Когда мужчины собрались сесть в лодку, чтобы отплыть, Клэр отвела Фреда в тень.
– Вот, – тихо сказала она, – ты должен взять это и доставить человеку, который встретит тебя на той стороне. – Она протянула ему плоскую коробочку, плотно обернутую, чтобы защитить содержимое во время долгого морского путешествия вокруг Финистера, а потом, через пролив, в Англию.
– Хорошо, – он кивнул. – Я прослежу за этим. Спасибо, Клэр, за все. Я бы никогда не нашел дороги сюда, если бы мне не помогала ты и твоя семья. – Он тепло обнял ее, а затем сунул под рубашку сверток, который она дала ему.
– Bonne route
[40], – сказала она. Он повернулся, чтобы уйти, но затем оглянулся на нее, словно собирался сказать что-то еще. На мгновение оба умолкли. А потом она произнесла:
– И я передам Мирей, что ты любишь ее.
Он ухмыльнулся, когда поднялся на борт шлюпки, сказав:
– Значит, ты не только приятель-десантник, но еще и ясновидящая? – Прежде чем сесть в шлюпку он отсалютовал ей, затем передал погашенный лодочником фонарь. Марк и ее отец столкнули маленькую парусную лодку в открытую воду, и ее поглотила тьма.

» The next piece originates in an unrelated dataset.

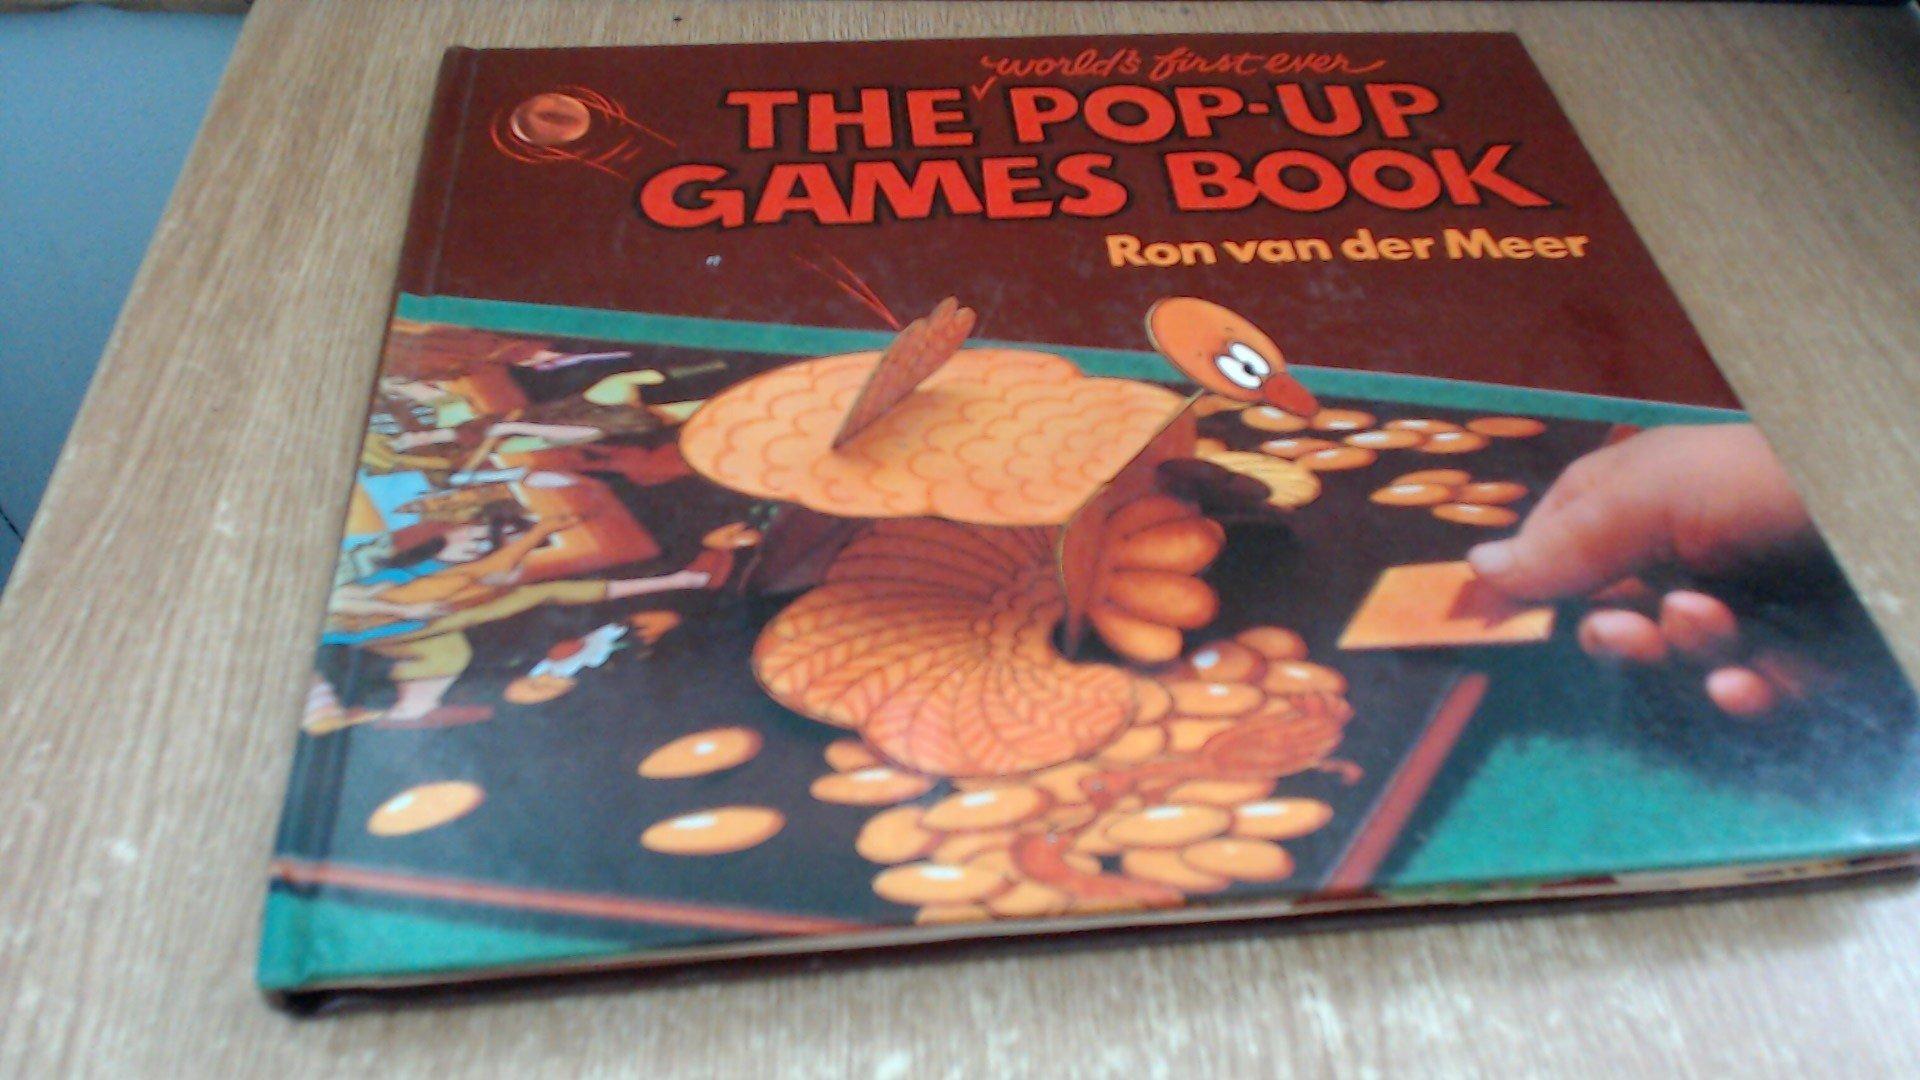 Games: Pop-up Book: Amazon.es: Meer, Ron Van Der: Libros en ...

Она прислушивалась к плеску весел, пока он тоже не растворился в шуме волн, которые обрушивались на песок укромной бухты.
Гарриет
Чем больше я узнаю об истории Клэр, тем сильнее чувствую, как основа моей жизни рассыпается под моими ногами, словно прибрежный песок во время прибоя.
До приезда в Париж, я строила свою жизнь на том, что оставалось от моей семьи, которая была для меня всем с тех пор, как смерть мамы столь многое унесла с собой. Я забиралась в дальние уголки своего сознания, где хранились болезненные воспоминания, и крепила их своды одиночеством. Но теперь я вижу, сколь многого мне не хватало пока я пряталась от жизни, словно черепаха в панцирь. Истории Мирей и Виви побудили меня открыть некоторые из запертых дверей и снять затемнение с окон моей собственной истории, что в свою очередь позволило мне узнать больше об истории Клэр.
Итак, теперь я знаю, что кружево тонких нитей, из которых была соткана жизнь моей бабушки, соединяет меня с Бретанью, с крошечным рыбацким поселком, цепляющимся за скалистый, разбитый Атлантикой мыс, который, словно огромный палец, вечно указывает на запад. Ветер, посеребривший этот клочок земли, породил на нем мужчин, которые оказались достаточно сильными, чтобы покорять и побеждать океан, и женщин, которые оказались достаточно стойкими, чтобы поднять свои семьи против беспощадных трудностей.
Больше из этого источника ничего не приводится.